One of the limitations of the studies selected for this review is that the interventions they applied and evaluated were not homogeneous, due to the diversity of ethical problems faced by clinical health workers. However, they all used actors or Simulated Patients. Another limitation was that none of them addressed the level of resources and training required for the implementation of the clinical simulation method.
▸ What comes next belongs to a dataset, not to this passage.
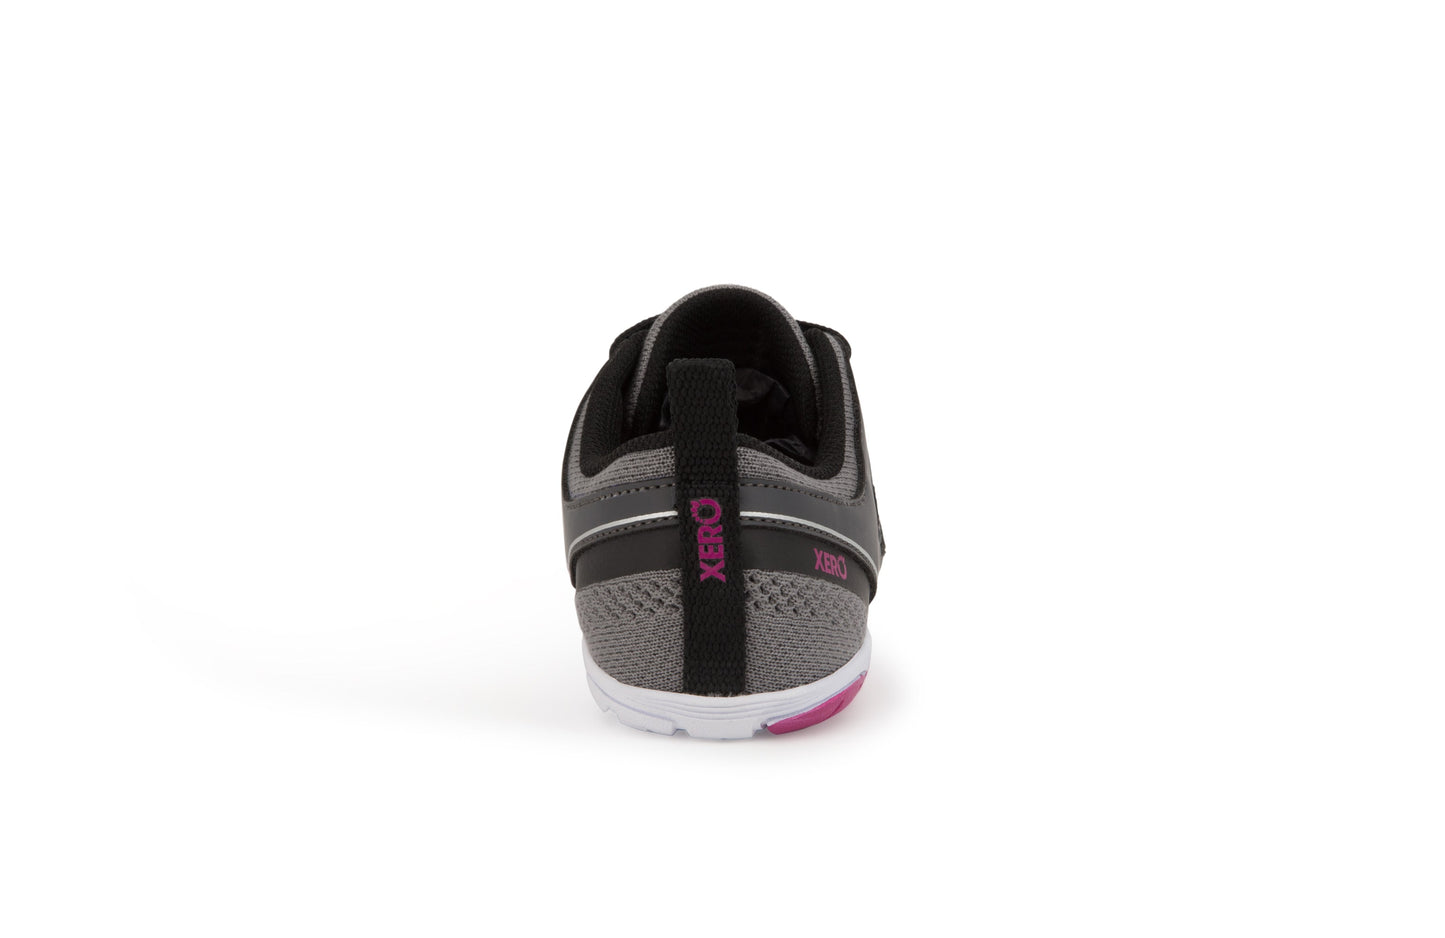 Xero Shoes Zelen Womens barfods træningssko til kvinder i farven steel gray / fuchsia, bagfra

Although this literature review had some methodological limitations (e.g., it was not comprehensive, or systematic), it did reveal the low quantity and quality of the available evidence on this topic. The study results that were included in the review were for specific topics related to clinical ethics, and their evaluation periods were all short-term. While these results showed the use of clinical simulation as a tool for teaching clinical ethics was favorable for the primary study outcome, it should be noted that implementation of this method requires substantial resources, training, and systematization.

Conclusions

To date, few studies have evaluated the effectiveness of clinical simulation in teaching clinical ethics, and all of them have a very low quality of evidence. The 15 studies included in our review found that, in the short term, use of clinical simulation with Simulated Patients as a teaching method allows participants to identify, resolve, or analyze ethical problems, and therefore it seems advisable to incorporate it in teaching and evaluation curriculum for clinical ethics, when the required resources are available.

Notes

Conflicts of interest
The authors have completed the ICMJE conflict of interest declaration form and declare that they have not received funding for the realization of the article; they have not had financial relationships with organizations that might have interests in the published article over the last three years; and they do not have other relationships or activities that could influence the published article. Forms can be requested by contacting the corresponding author or the journal editor.

Funding
The authors declare that there were no sources of external financing.

From the editors
The original version of this manuscript was submitted in Spanish. The English translation was copyedited by the journal.